The truth was, I didn't know what they all added up to. I knew for a fact that this point in our lives where we were supposed to go our separate ways and start careers and start our real life was scary as hell and we weren't ready, even though we looked old enough and were old enough and we were going to graduate this June.
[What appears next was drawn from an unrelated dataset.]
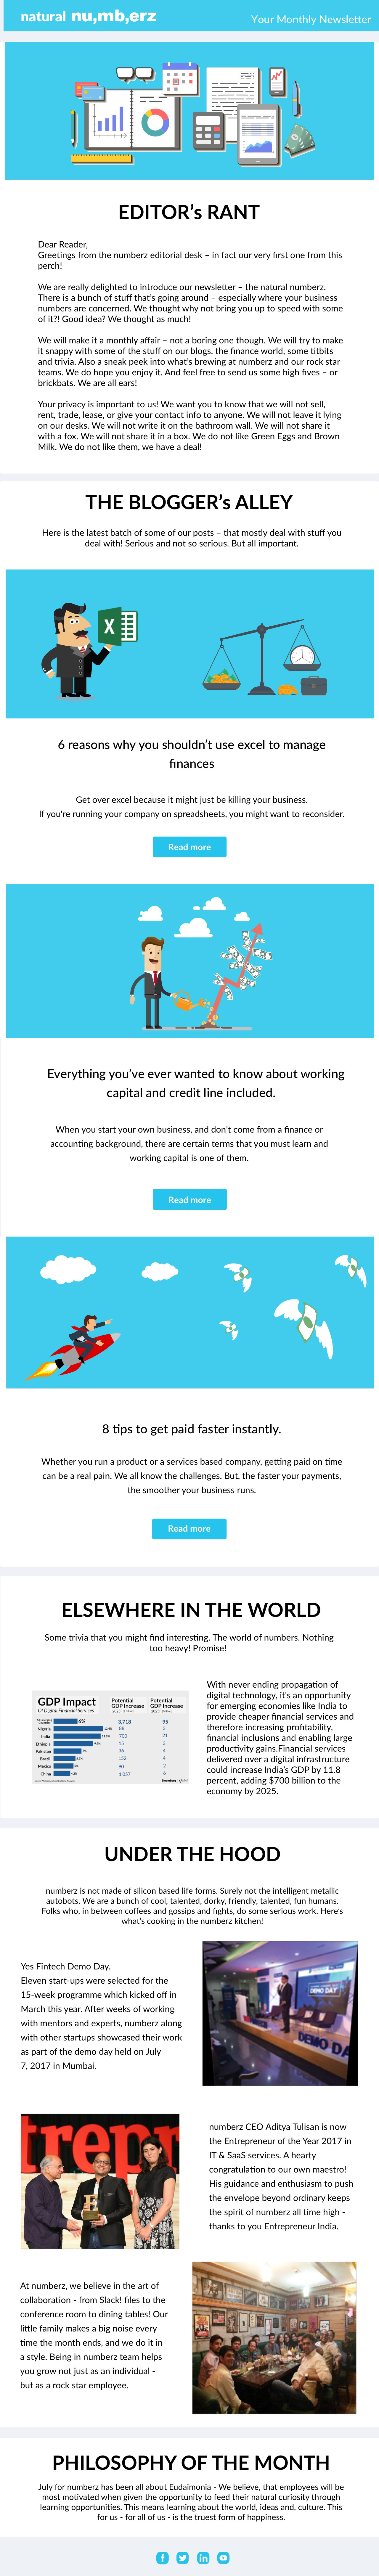 Harleen Kaur Infographic Email Design Newsletter Carosel Ad
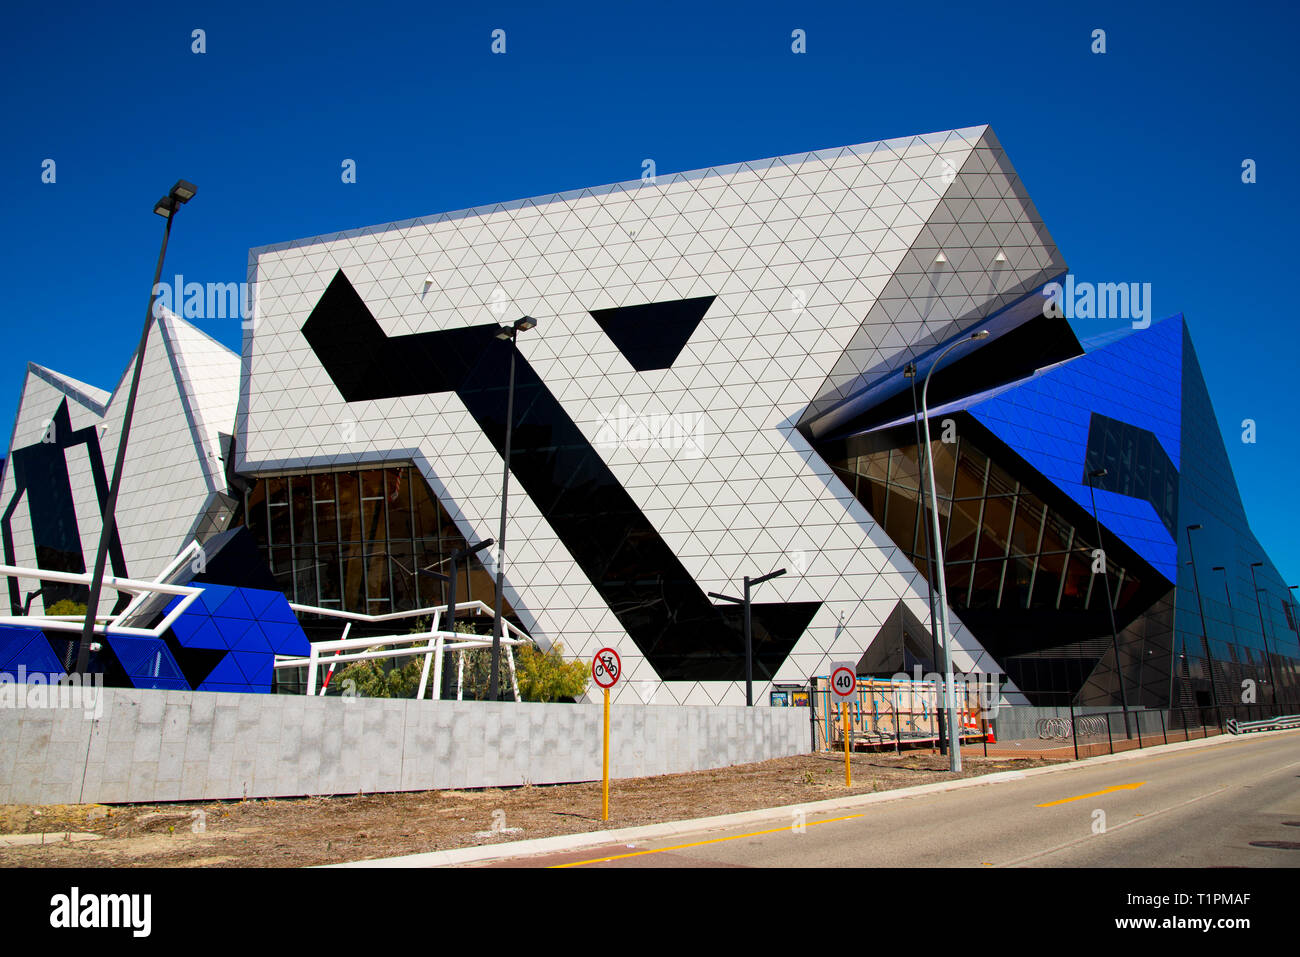 PERTH, Australien - 2. März, 2019: RAC-Arena ist ein Unterhaltungs- und sporting Arena wurde im Jahr 2012 erbaut und wurde von Architekturbüros Ashton Raggat konzipiert Stockfoto

We weren't ready — and I’m not saying that while simply shrugging my shoulders. This is a stone cold fact, and honestly it’s terrifying.
Suddenly I felt like we did something wrong, like we missed a class or two about how to be a grown-up and how to let go of our childhood, our school days that we hated so much, but surprisingly clung onto at the end of it all. How is it that we were expected to change and blossom just because we were seniors with seventeen year old blood running through our veins, and our seventeen year old brain and our seventeen year old heart and our eyes that didn’t change much since we were kids.
How?
“Jessie, why can't things be the way they were?”
Jessie didn't answer the question. She sat, staring blankly at the winding road, void of any street lights. I stared at her, thinking about how much has changed since we were both kids. She got taller and more robust and her boobs — now I see them as something other guys might use for their own desires, like me thinking of Loosey Lucy (oh God, I’m one of them), never minding the fact that Jessie herself was a free spirit who knew the life that was dealt to her and knew what to do with it; she knew also the life that was dealt for other people and she saw with a funny eye other people's potentials. She was good at reading people, but I think . . . I think she read herself wrong.
Suddenly I saw something glisten on her face and that's when I realized she was crying. She was crying so much, she started to sob and shake and jolt. “Jessie, I'm scared too!” I yelled, but she kept shaking and crying violently. Her arms swayed the steering wheel and the car started to swerve on this dark road where there was no one else around except the two of us, both now on the same wavelength.
But it was too late.
“Jessie stop the car. JESSIE, WATCH OUT!” I yelled, as the headlights shown on a tree.